Telecompetitor Arches

Up to $170 Million New York Connect America Funding to be Awarded by the State

New YorkThe state of New York, rather than the FCC, will award up to $170 million in broadband Connect America funding to network operators to help cover the cost of bringing broadband to areas of the state where broadband is not available today. The funding, originally rejected by Verizon, had been earmarked for a nationwide reverse auction conducted by the FCC.

But in a New York Connect America funding order adopted yesterday, the FCC complied with a request from New York to combine the funding with an additional $200 million that the state had made available for broadband in areas rejected by Verizon.

In making the move, the commission is taking “common sense fiscally responsible steps to coordinate funding between the federal Universal Service Fund and the state’s New NY Broadband Program, which aims to ensure that all New Yorkers have access to high-speed internet,” said the FCC’s new chairman Ajit Pai in a statement.

The New NY Broadband Program has a total budget of $500 million, but some of that already has been awarded for parts of the state that are not in Verizon’s local service territory.

New York Connect America Decision
Although New York is the only state that made a formal petition to the FCC, some other states have filed comments with the commission suggesting that they also would like to access funding rejected by Verizon and other price cap carriers.  A reading of the order adopted yesterday suggests the FCC is unlikely to make CAF funding available to many, if any, other states.

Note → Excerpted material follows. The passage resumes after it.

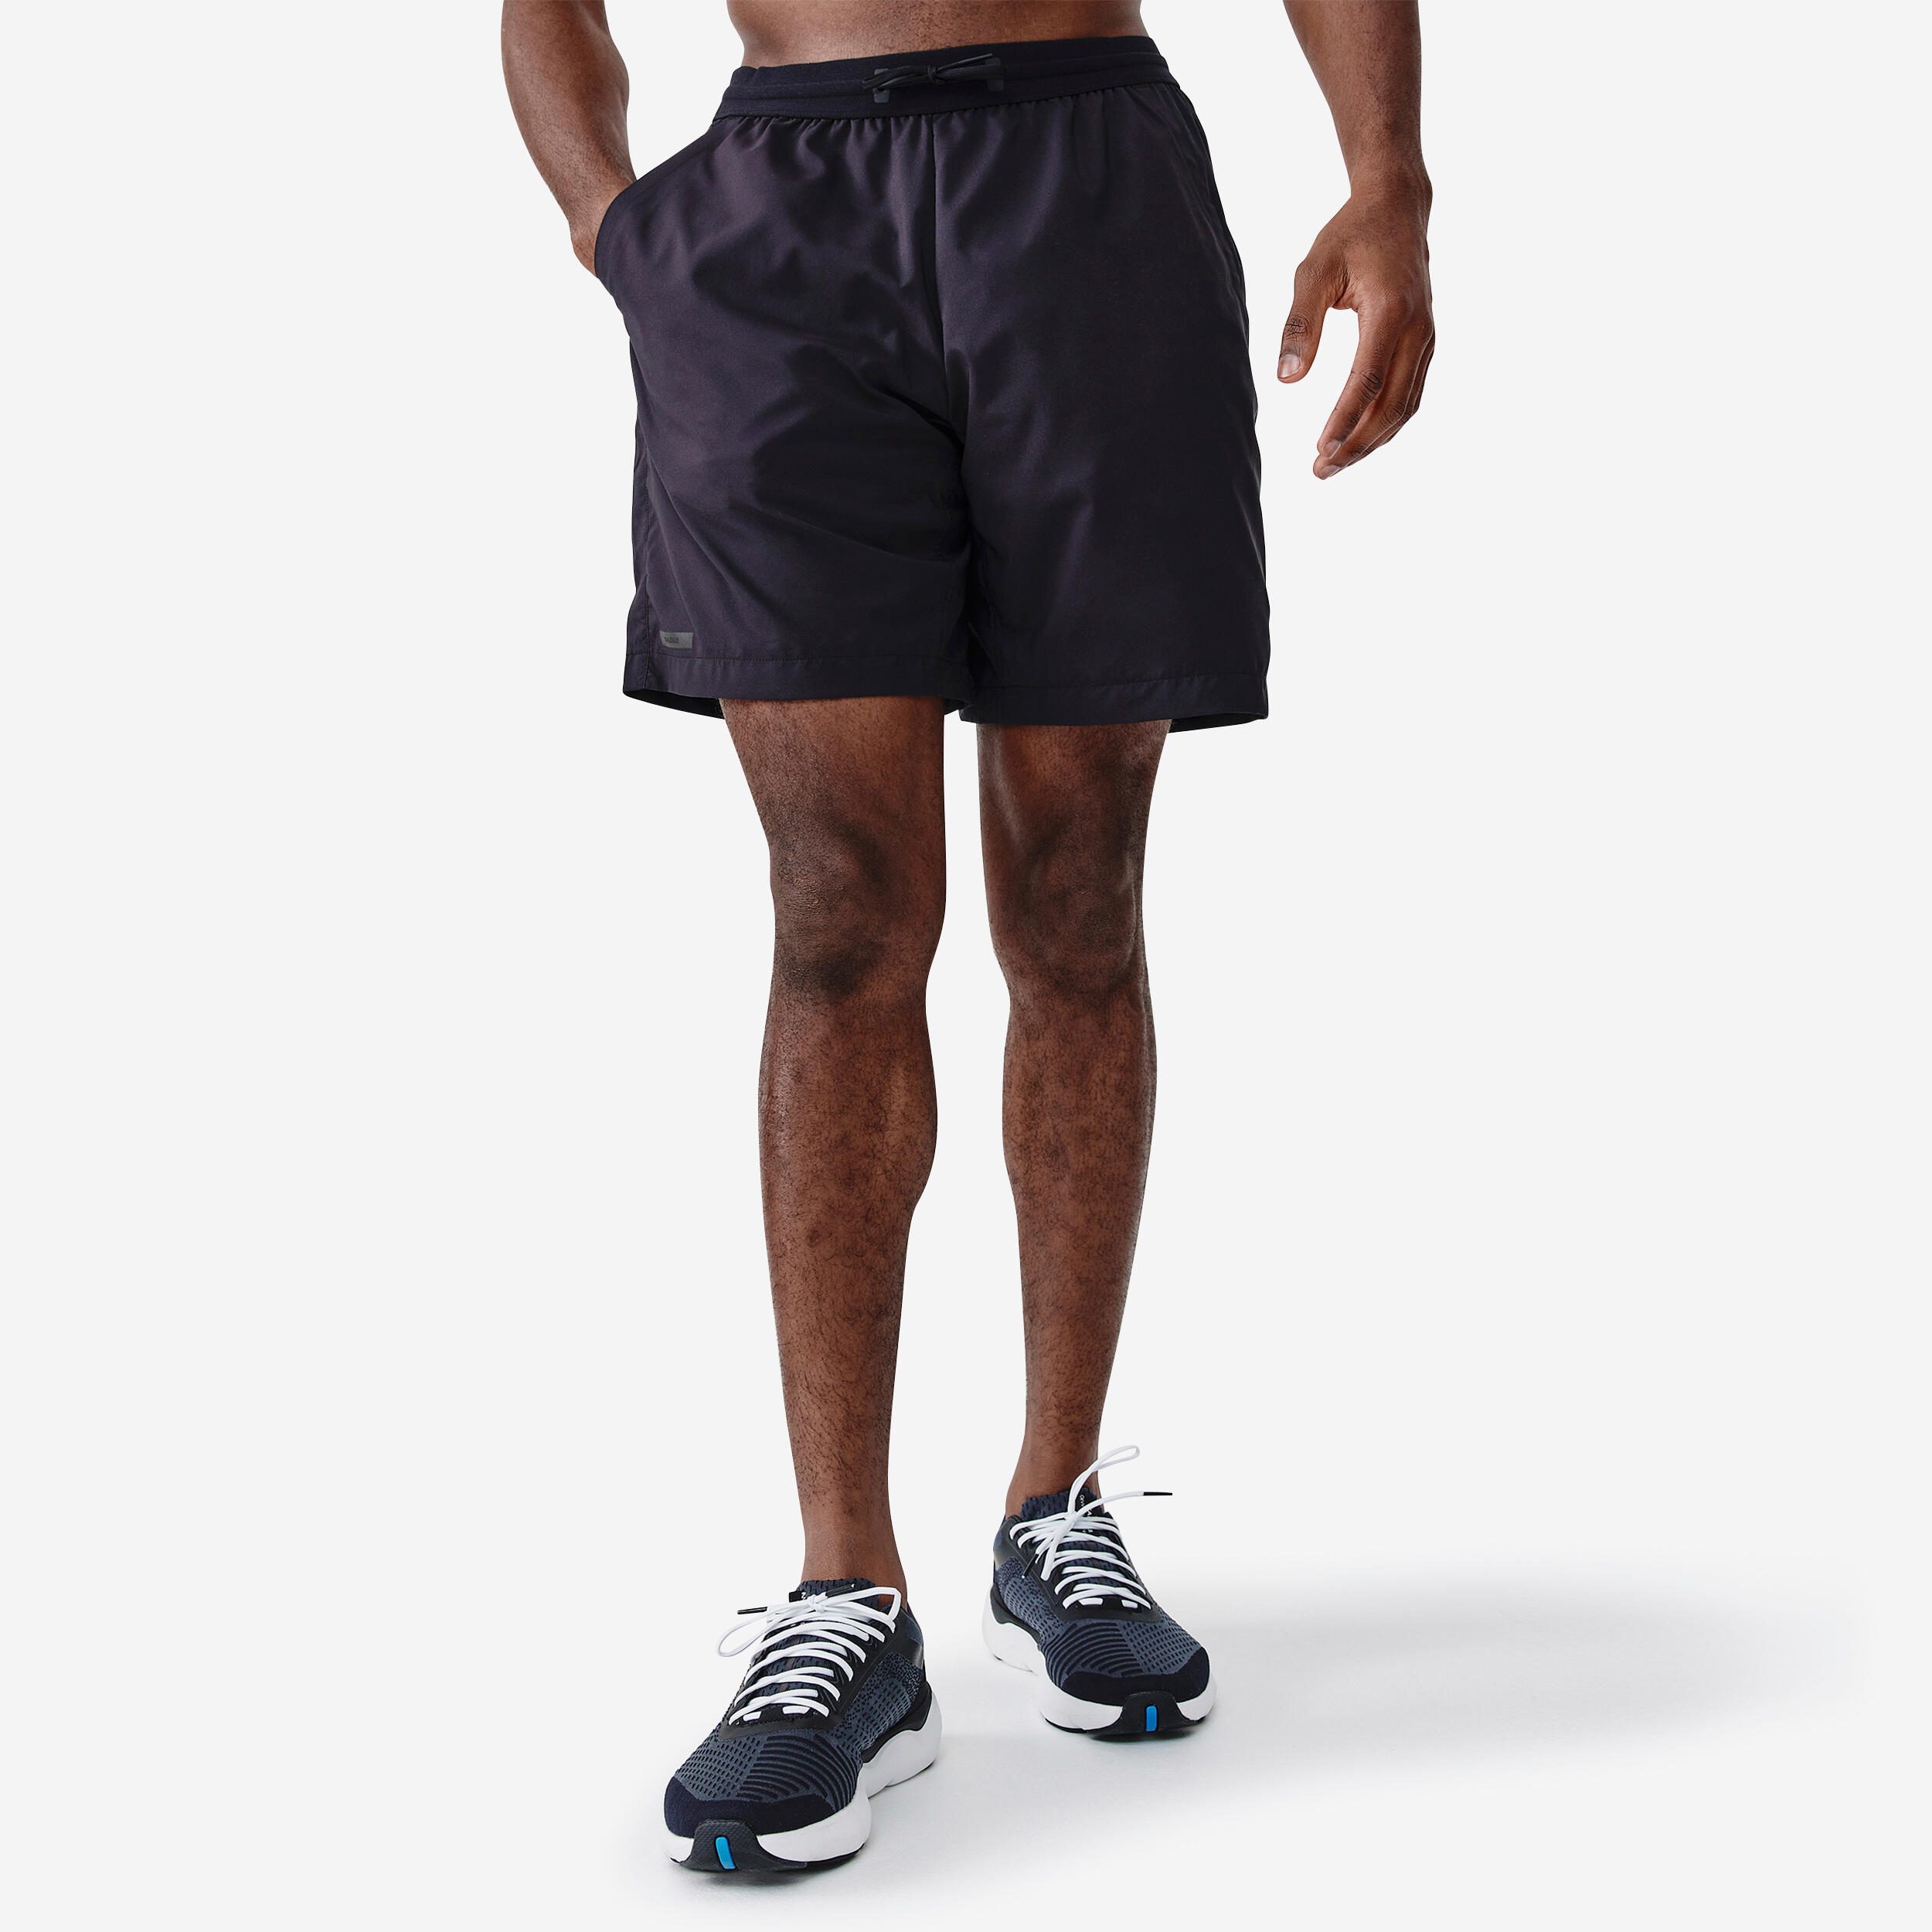 KIPRUN Men's Running Breathable Shorts Dry+ - Black

“We find that New York is uniquely situated to quickly and efficiently further our goal of broadband deployment,” the FCC wrote in the order.

A key consideration was that New York had set deadlines for broadband deployments to be completed – and if the CAF funding were to instead be awarded through the planned federal reverse auction, deployment timeframes would be considerably later.

The New York Connect America funding decision comes with substantial strings attached, however. Among others, conditions include:

  • In conducting a competitive bidding process to award funding, no location will be able to receive funding that exceeds the FCC-established CAF reserve price.
  • The amount of funding awarded to any location from the Connect America Fund must not exceed the amount of funding contributed by the state of New York.
  • Network operators also must contribute fund toward their projects (a condition previously established by the state of New York).
  • Although New York planned to favor fiber and hybrid fiber coax networks, the FCC required funding to be awarded on a technologically neutral basis. New York had more ambitious broadband speed goals than the CAF program had set. But network operators will still need to comply with CAF auction performance parameters, such as minimum data allotments and specific latency requirements.
  • Network operators receiving funding will have to meet CAF deployment obligations.
  • Those network operators also will have to obtain letters of credit meeting specific requirements set by the FCC.

Any census blocks that do not receive winning bids will be eligible for the nationwide remote areas fund auction if they would otherwise be eligible for that auction at the time the FCC finalizes eligible census blocks.

As expected, Verizon will have the opportunity to participate in the bidding process that the state of New York will be conducting in order to award funding. Because of the dual funding sources, the carrier has the potential to gain a higher subsidy than it would have received had it accepted the funding originally offered by the FCC.